The lecture, titled “Leadership and accountability: twin pillars for the achievement of human development and structural transformation,” was in three segments. The first one looked at concept and drivers of both human development and structural transformation as well as what a transformed Nigeria would look like. The second section linked human development and structural transformation as pillars of the MDGs and post-2015 development agenda to leadership and accountability. The third segment focused on the role of parliaments in promoting accountable leadership that can achieve human development and structural transformation, with the Nigerian National Assembly’s National Instituted of Legislative Studies, which is supported by the African Capacity Building Foundation, as an example.
The conference was attended by Nigeria’s federal and state government officials led by Vice President Namdi Sambo, development partners, legislators, and civil society organizations.

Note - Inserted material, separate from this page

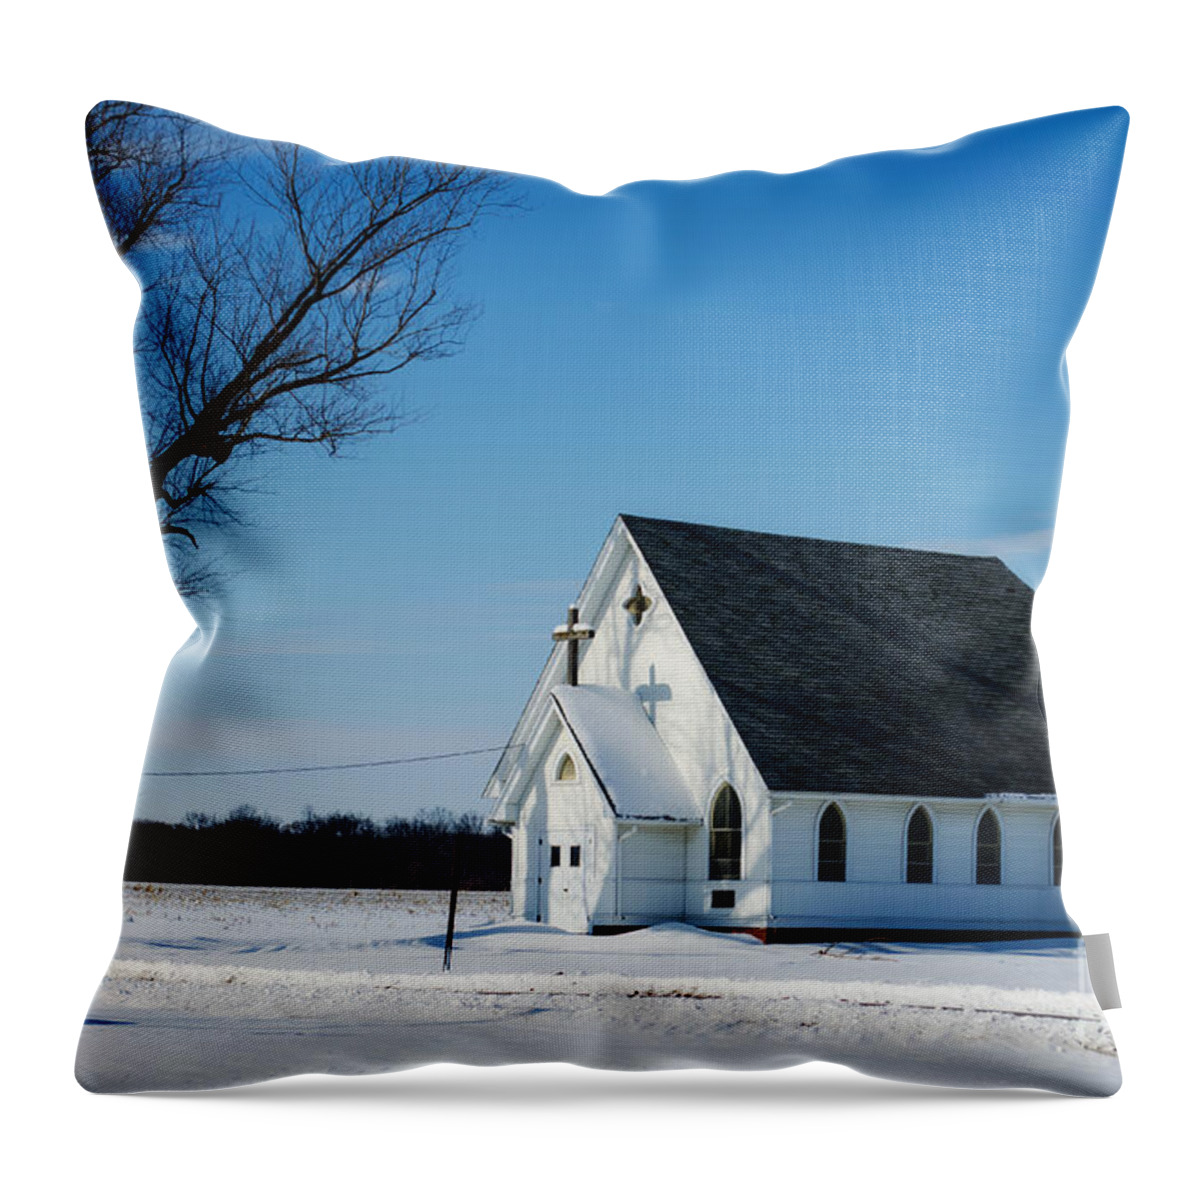 Little Church On The Prairie Throw Pillow featuring the photograph Little Church On The Prairie by Luther Fine Art

The Summit’s main objective was to review the implementation of the MDGs in Nigeria, highlighting best practices and key achievements to national economic transformation. The theme of the two-day conference was “The MDGs and socio-economic transformation of Nigeria: post 2015 and beyond.”
In addition to participating in the Summit, Prof. Nnadozie also appeared as a guest on African Independent Television, the country’s leading private national broadcaster. The AIT morning discussion programme examined the role of human and institutional capacity development in economic transformation. He fielded questions ranging from the work of ACBF in boosting capacity development in Africa and on ways of sustaining the continent’s current robust economic growth.